- Dataset excerpt:
____

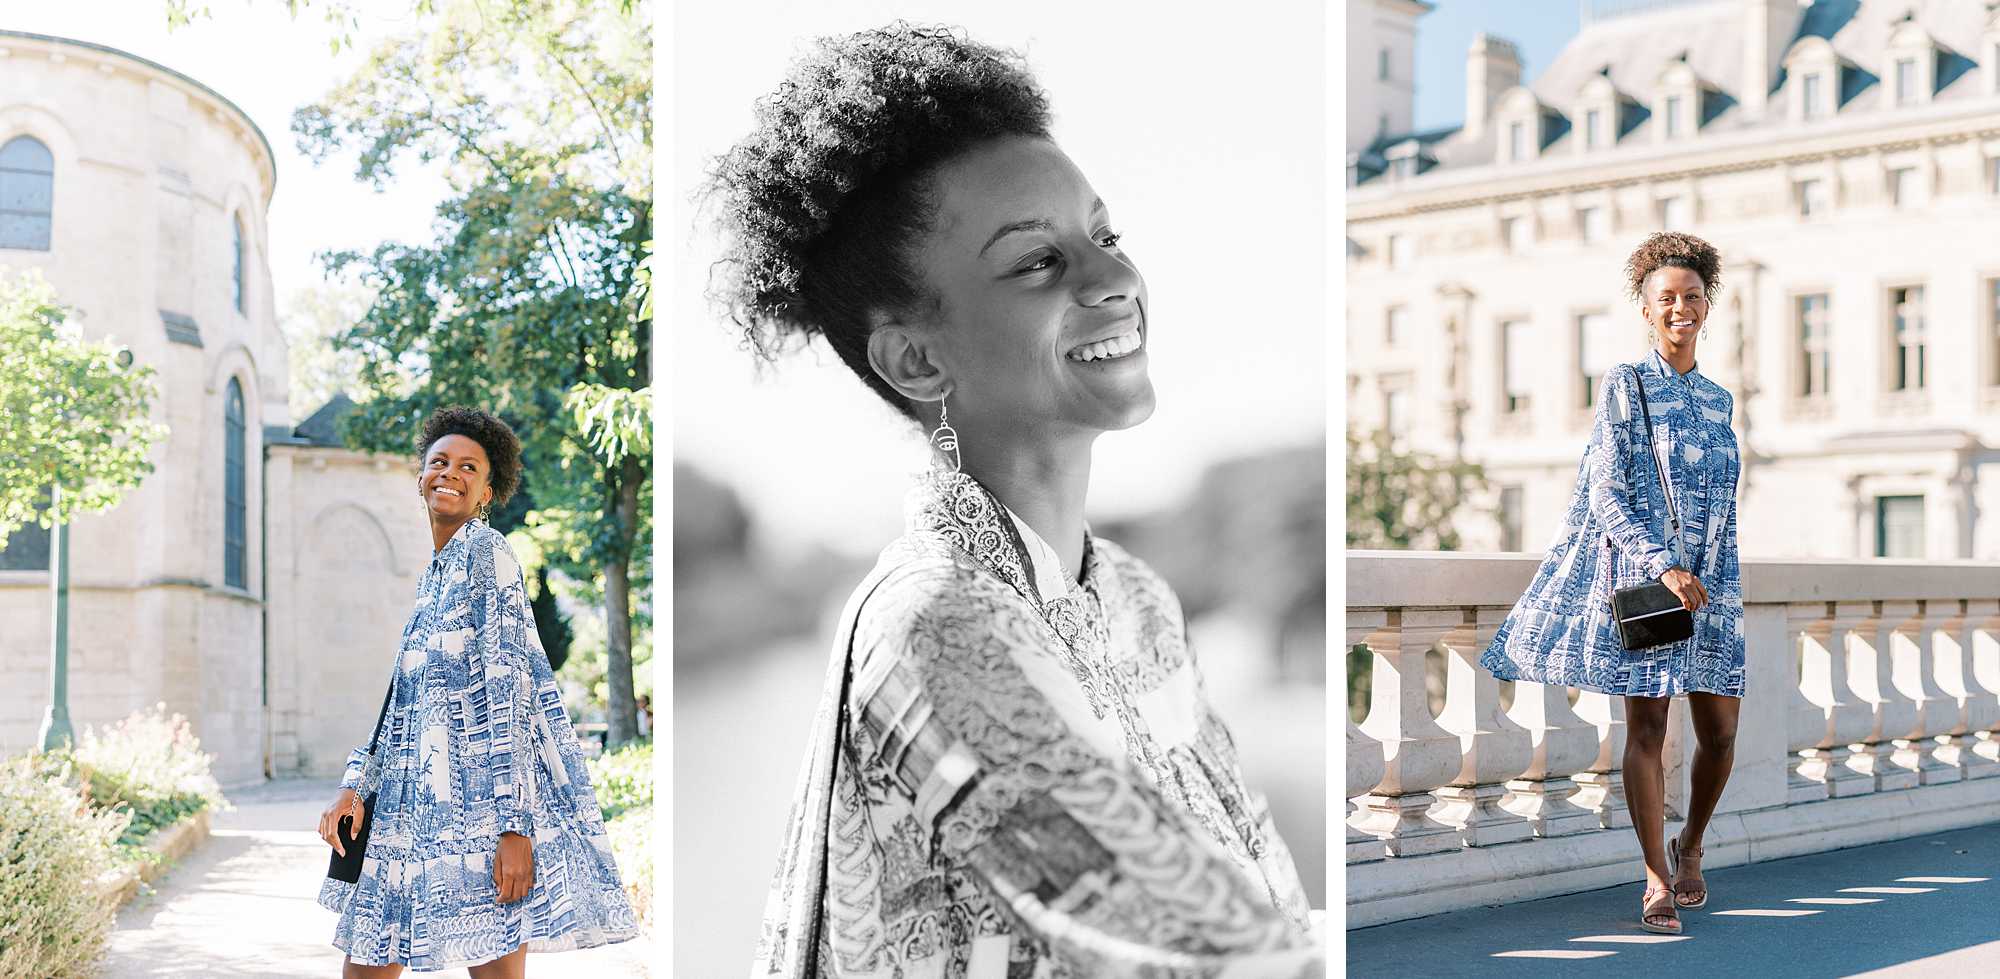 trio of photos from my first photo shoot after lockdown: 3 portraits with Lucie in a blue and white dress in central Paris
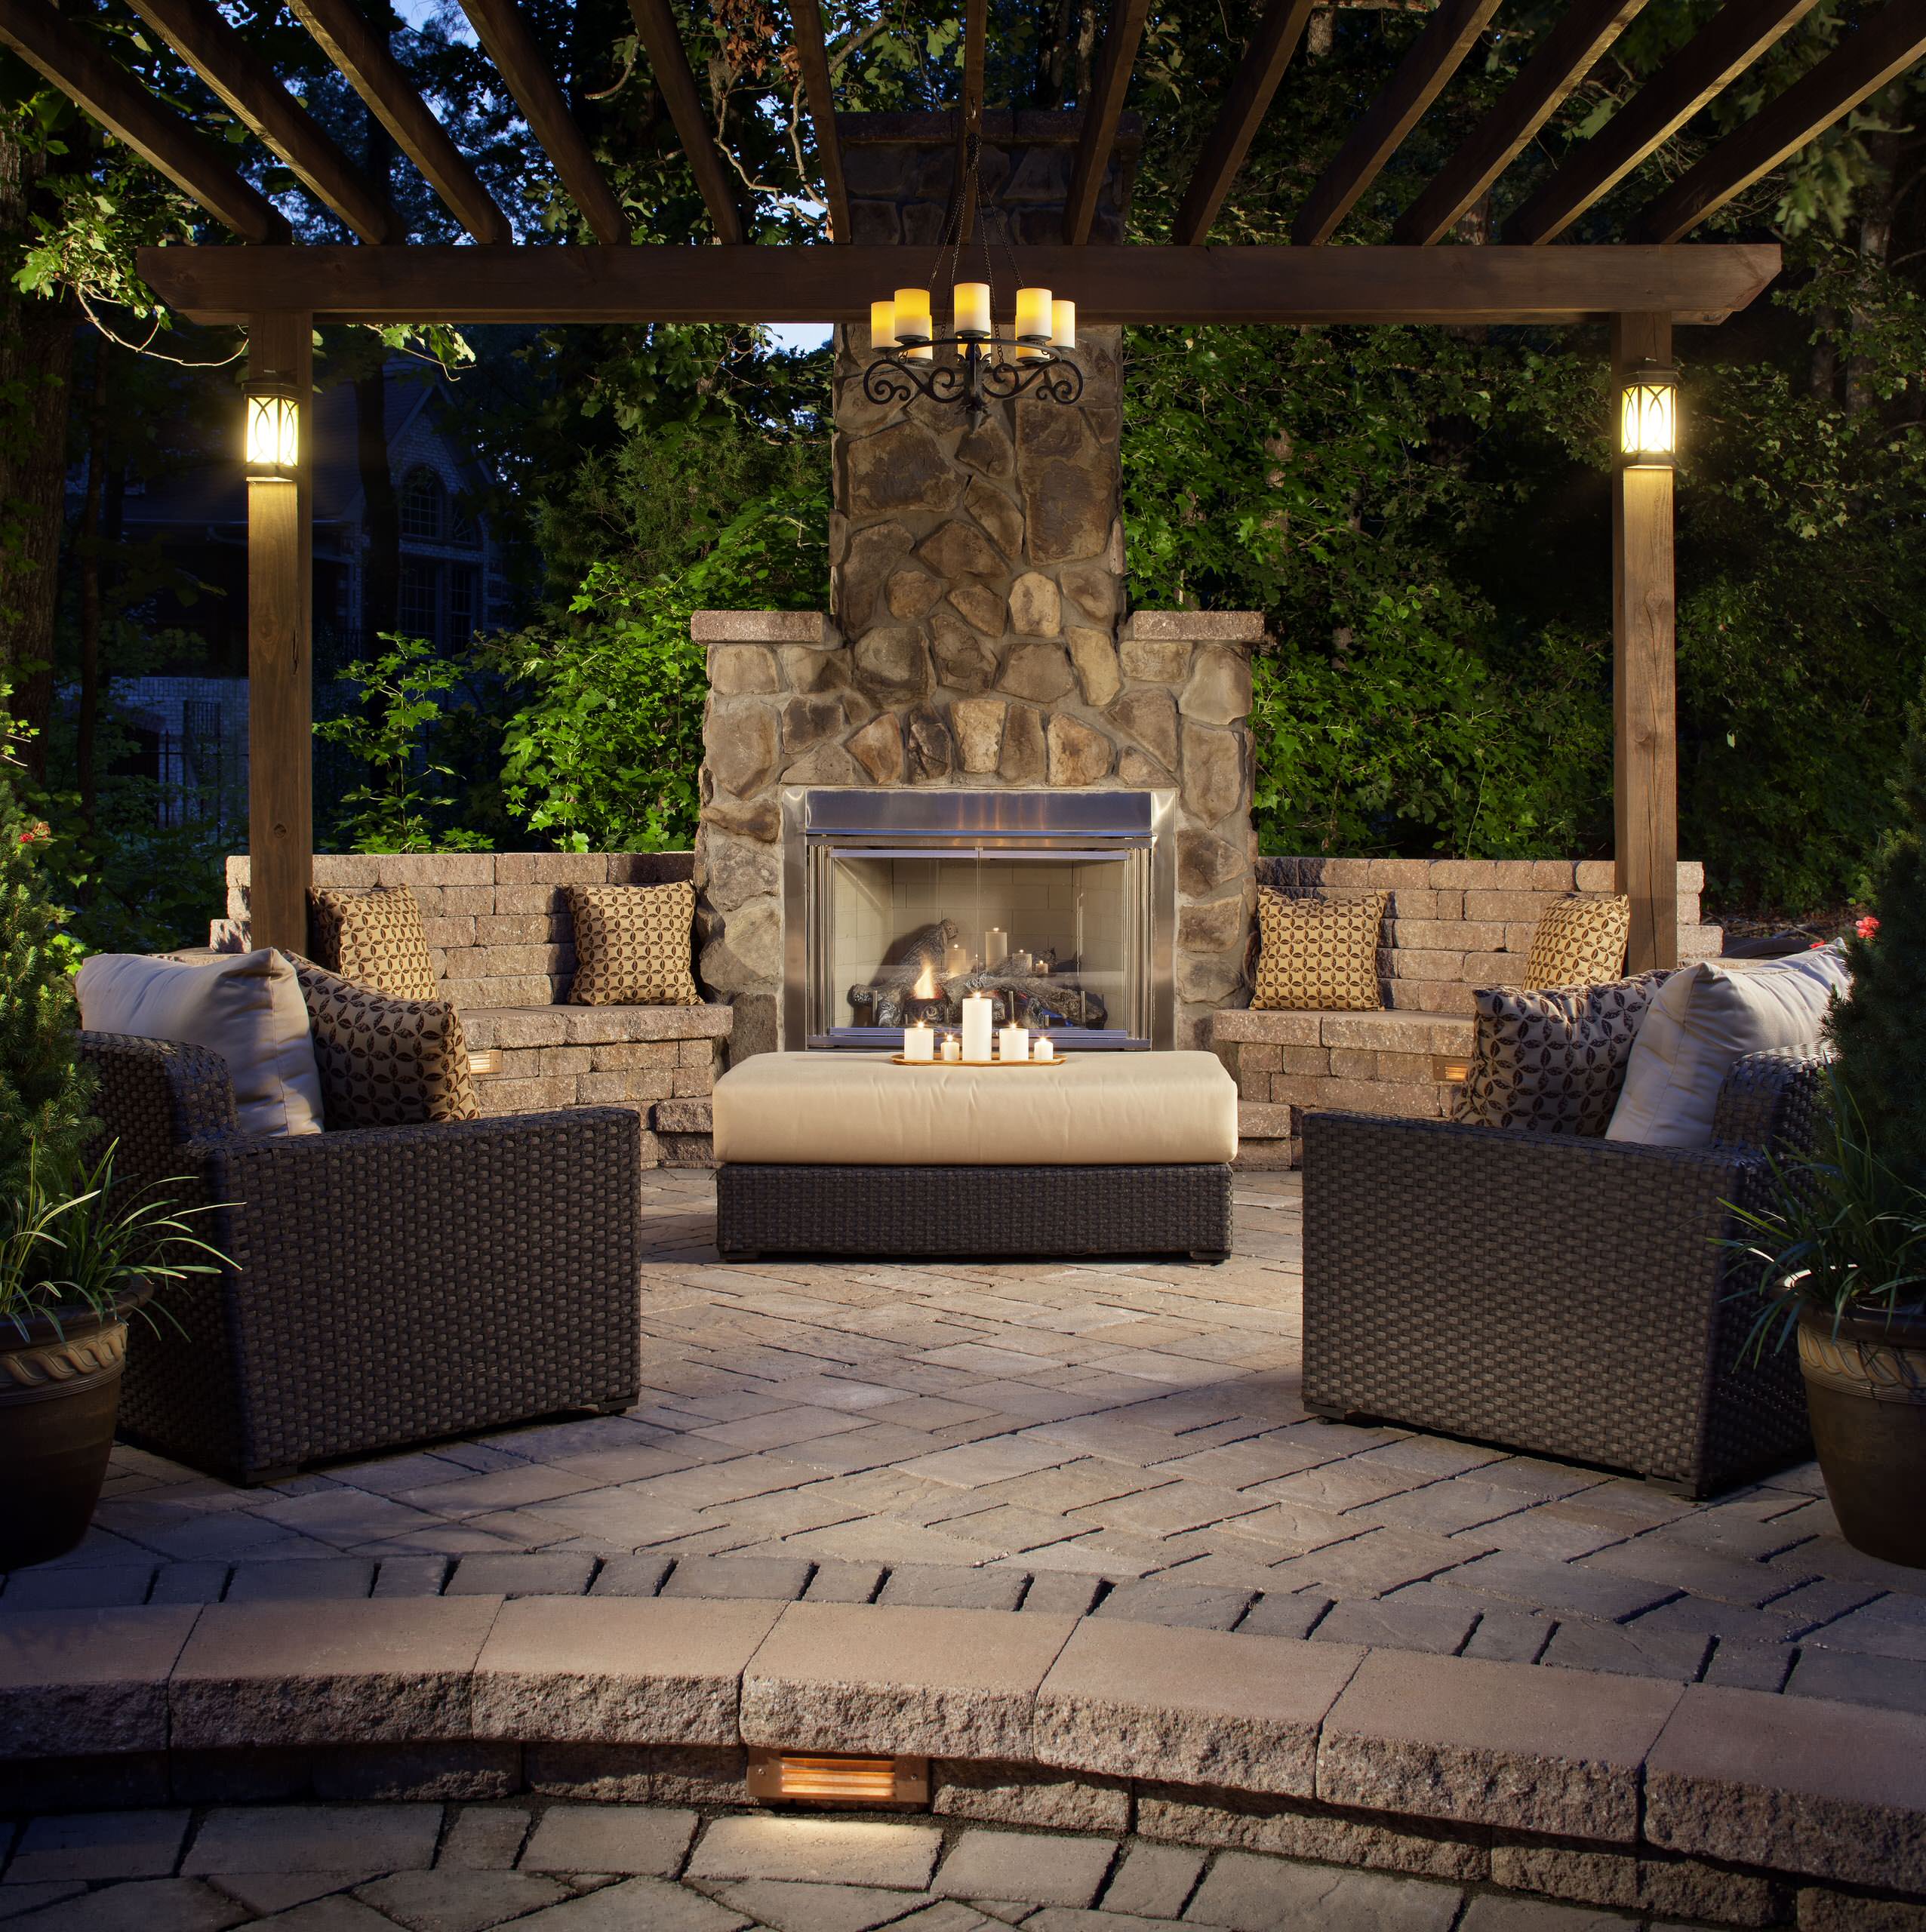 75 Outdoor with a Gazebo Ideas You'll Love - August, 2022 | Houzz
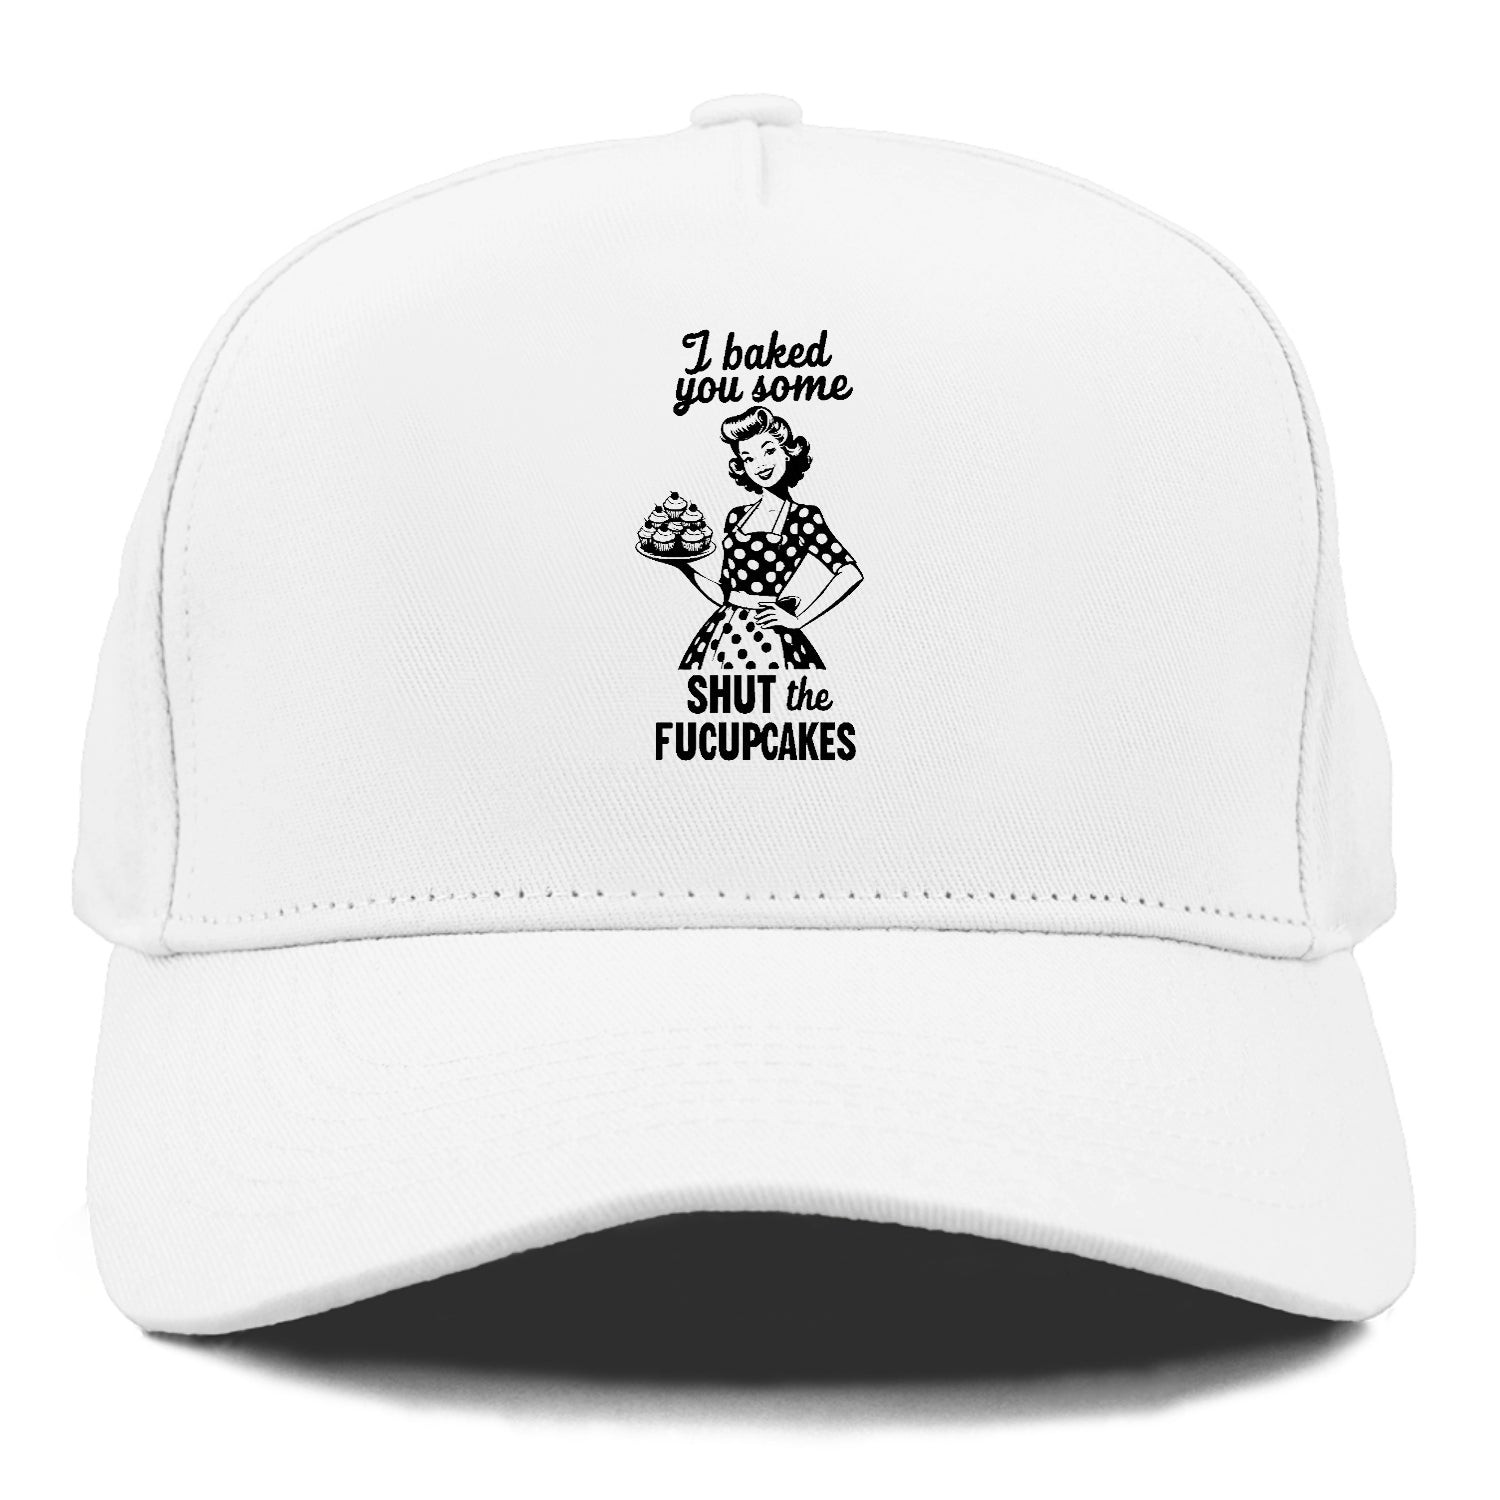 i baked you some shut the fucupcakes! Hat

____

- Brief:
Restate the material above word for word, so that nothing changes except that the pictures are gone.

- Output for this task:
 trio of photos from my first photo shoot after lockdown: 3 portraits with Lucie in a blue and white dress in central Paris
 75 Outdoor with a Gazebo Ideas You'll Love - August, 2022 | Houzz
 i baked you some shut the fucupcakes! Hat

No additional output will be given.